As well as controlling the output formatters, you can use result filters to make any last-minute adjustments before IActionResult is executed and the response is generated.
As an example of the kind of flexibility available, in the following listing I demonstrate setting the LastModified header, based on the object returned from the action. This is a somewhat contrived example—it’s specific enough to a single action that it likely doesn’t warrant being moved to a result filter—but I hope you get the idea.
Listing 22.9 Setting a response header in a result filter
public class AddLastModifedHeaderAttribute : ResultFilterAttribute #A
{
public override void OnResultExecuting( #B
ResultExecutingContext context) #B
{
if (context.Result is OkObjectResult result #C
&& result.Value is RecipeDetailViewModel detail) #D
{
var viewModelDate = detail.LastModified; #E
context.HttpContext.Response #E
.GetTypedHeaders().LastModified = viewModelDate; #E
}
}
}
❶ ResultFilterAttribute provides a useful base class you can override.
❷ You could also override the Executed method, but the response would already be sent by then.
❸ Checks whether the action result returned a 200 Ok result with a view model.
❹ Checks whether the view model type is RecipeDetailViewModel . . .
❺ . . . and if it is, fetches the LastModified property and sets the Last-Modified header in the response
I’ve used another helper base class here, ResultFilterAttribute, so you need to override only a single method to implement the filter. Fetch the current IActionResult, exposed on context.Result, and check that it’s an OkObjectResult instance with a RecipeDetailViewModel value. If it is, fetch the LastModified field from the view model and add a Last-Modified header to the response.

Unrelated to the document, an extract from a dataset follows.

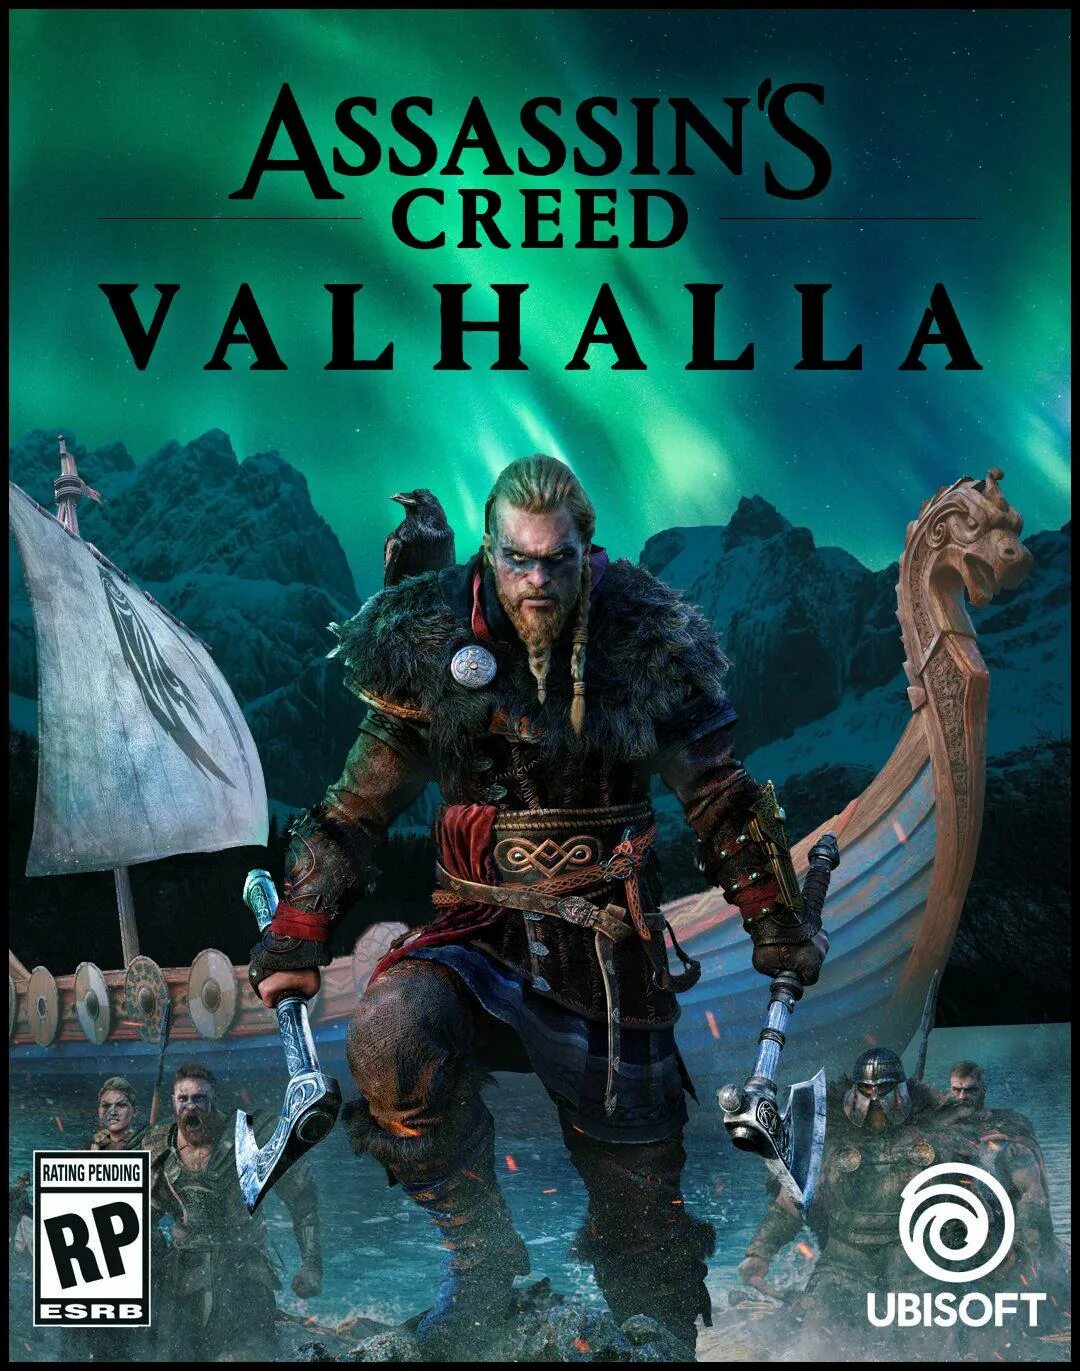 Assassin’s Creed Вальгалла. Assassin's Creed Valhalla ps4 & ps5. Ассасин Крид Вальхалла пс4. Assassin's Creed Valhalla ps4 обложка. Ассасин вальхалла от механиков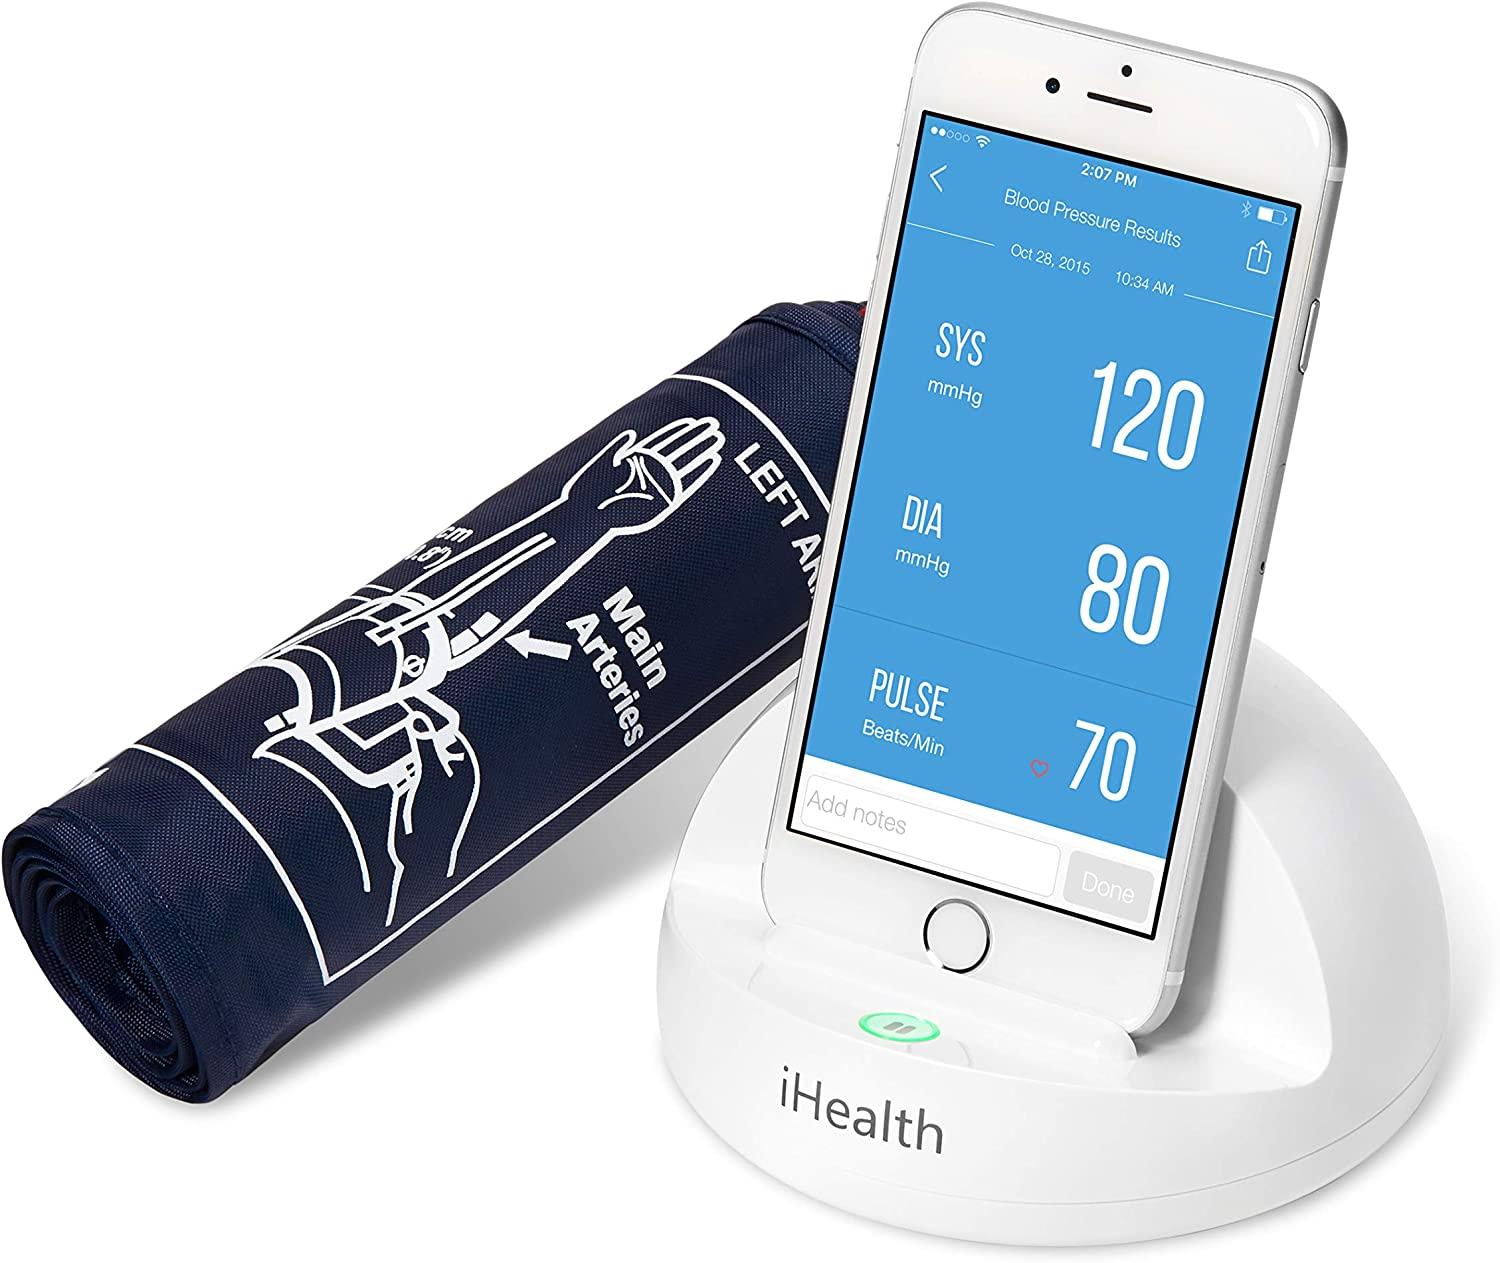 iHealth Ease Wireless Bluetooth Blood Pressure Monitor Kit for $10 Shipped

Tip GetTypedHeaders() is an extension method that provides strongly typed access to request and response headers. It takes care of parsing and formatting the values for you. You can find it in the Microsoft.AspNetCore.Http namespace.
As with resource and action filters, result filters can implement a method that runs after the result has executed: OnResultExecuted. You can use this method, for example, to inspect exceptions that happened during the execution of IActionResult.
Warning Generally, you can’t modify the response in the OnResultExecuted method, as you may have already started streaming the response to the client.
We’ve finished simplifying the RecipeApiController now. By extracting various pieces of functionality to filters, the original controller in listing 22.1 has been simplified to the version in listing 22.2. This is obviously a somewhat extreme and contrived demonstration, and I’m not advocating that filters should always be your go-to option.
Tip Filters should be a last resort in most cases. Where possible, it is often preferable to use a simple private method in a controller, or to push functionality into the domain instead of using filters. Filters should generally be used to extract repetitive, HTTP-related, or common cross-cutting code from your controllers.
There’s still one more filter we haven’t looked at yet, because it applies only to Razor Pages: page filters.
22.1.6 Page filters: Customizing model binding for Razor Pages
As already discussed, action filters apply only to controllers and actions; they have no effect on Razor Pages. Similarly, page filters have no effect on controllers and actions. Nevertheless, page filters and action filters fulfill similar roles.
As is the case for action filters, the ASP.NET Core framework includes several page filters out of the box. One of these is the Razor Page equivalent of the caching action filter, ResponseCacheFilter, called PageResponseCacheFilter. This works identically to the action-filter equivalent I described in section 22.1.3, setting HTTP caching headers on your Razor Page responses.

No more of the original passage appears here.